Please set down only the lines below starting with the line with "Turquoise Earrings - Turquoise" and going on through the line with "Cow fur texture background image", verbatim and without pictures.

Recorded data Block Start

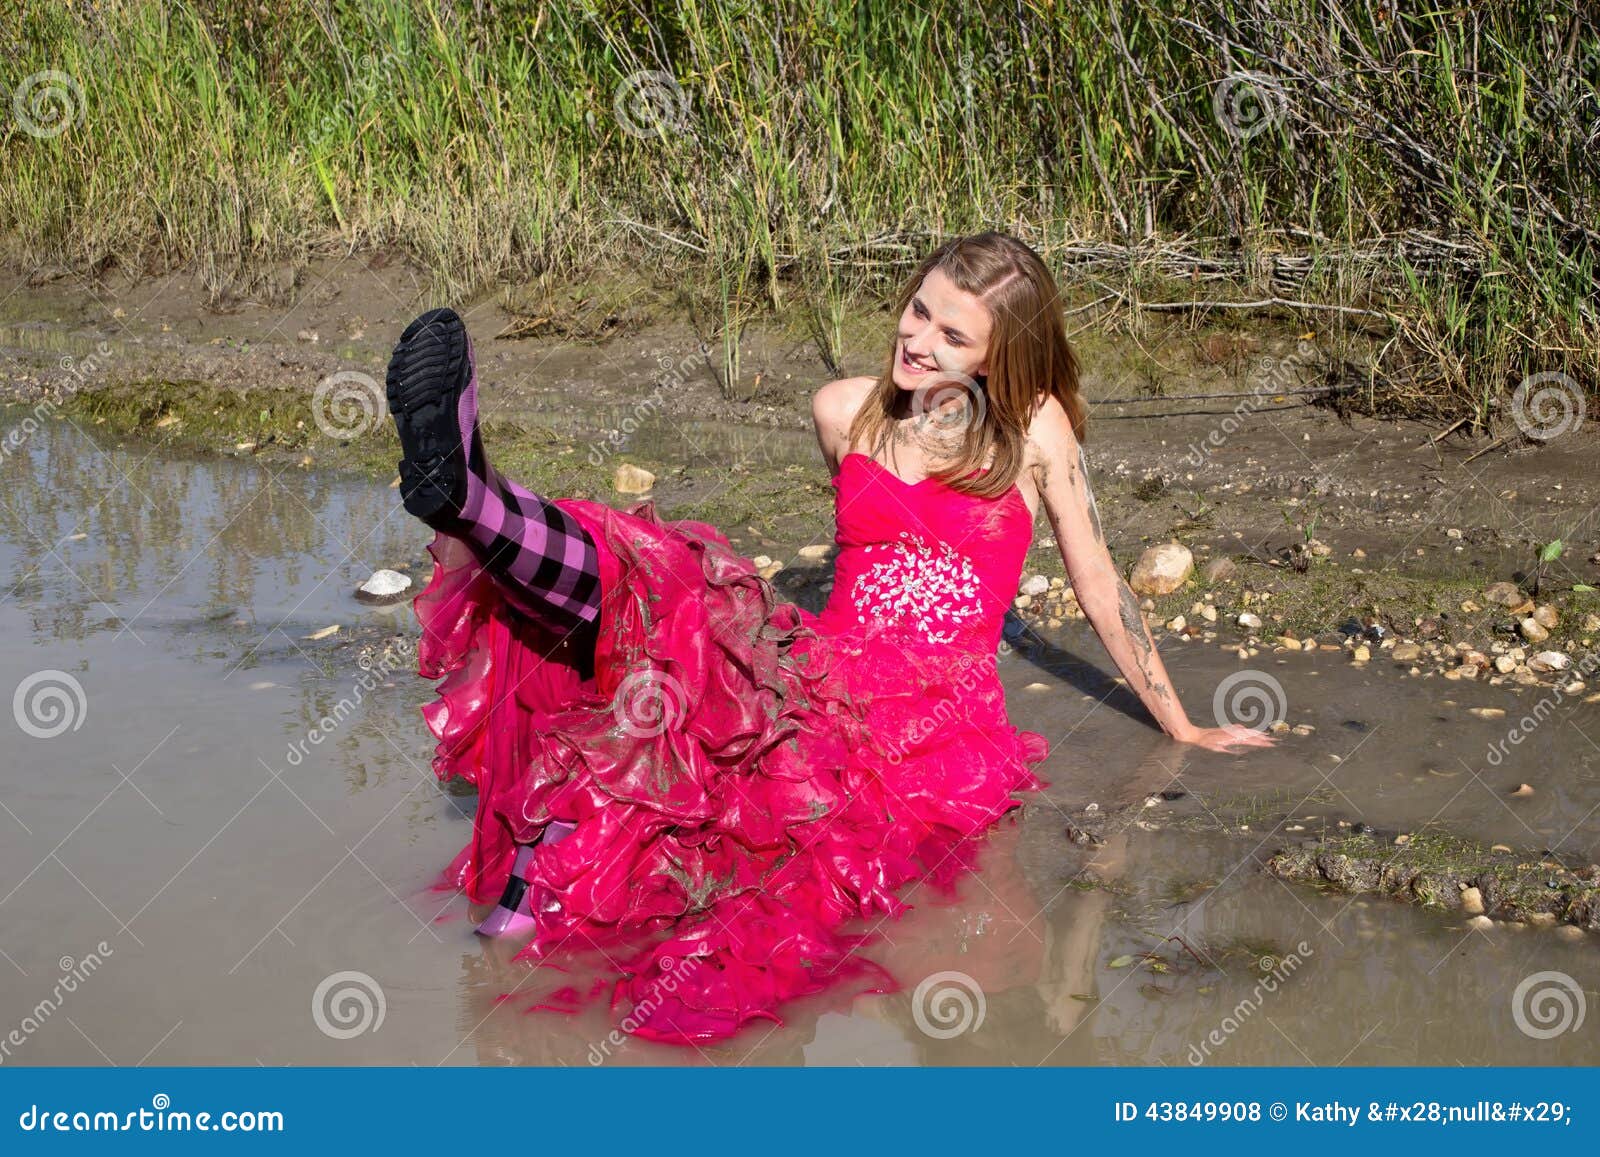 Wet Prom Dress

Recorded data Block End
Recorded data Block Start

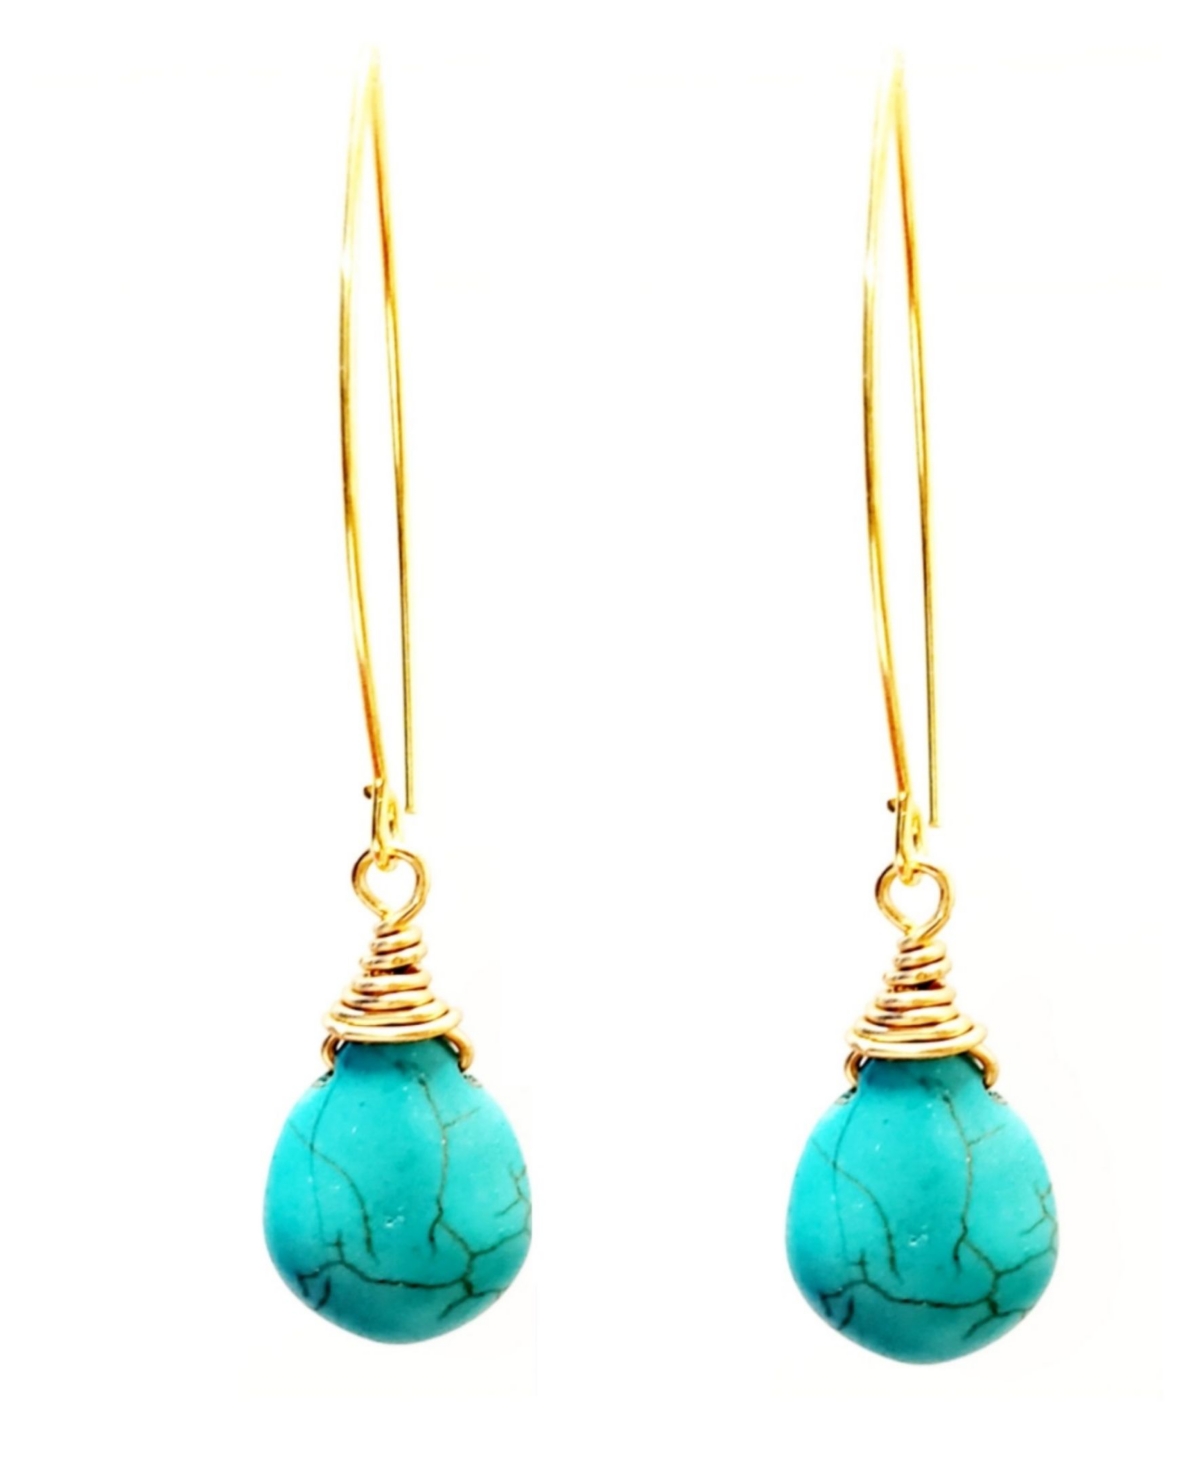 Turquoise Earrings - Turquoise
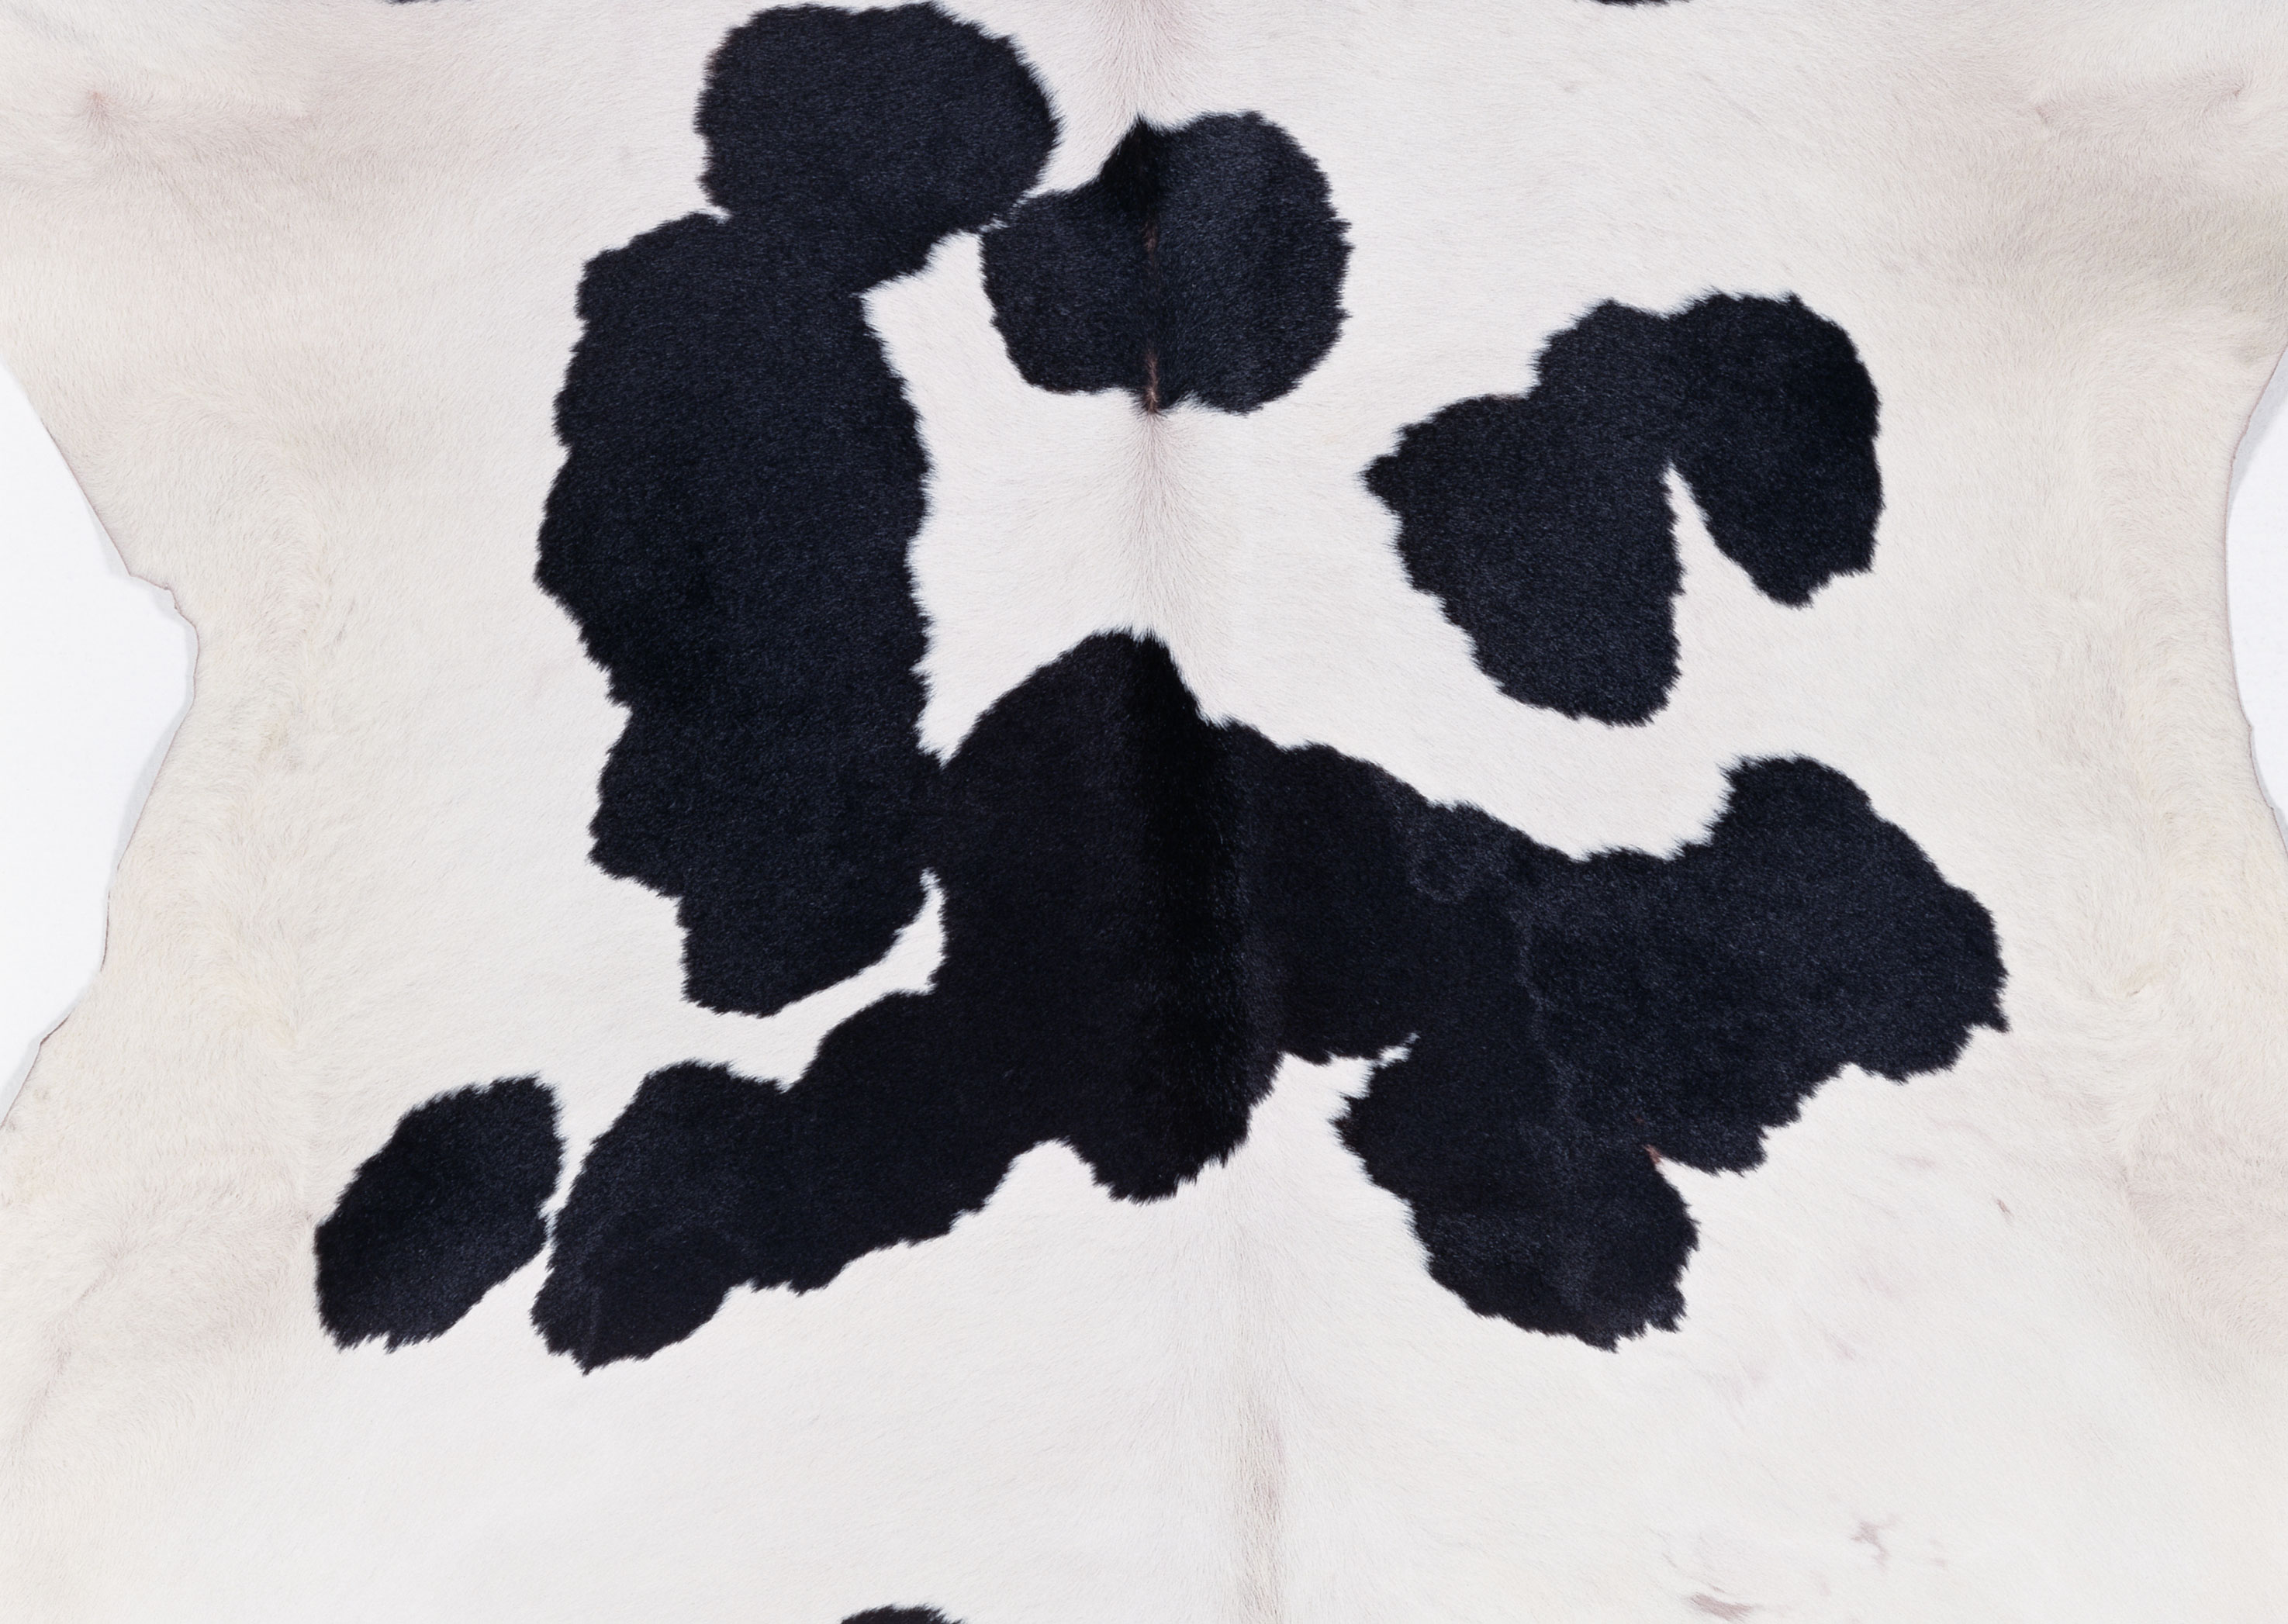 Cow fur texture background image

Recorded data Block End

**Output for this task:**
 Turquoise Earrings - Turquoise
 Cow fur texture background image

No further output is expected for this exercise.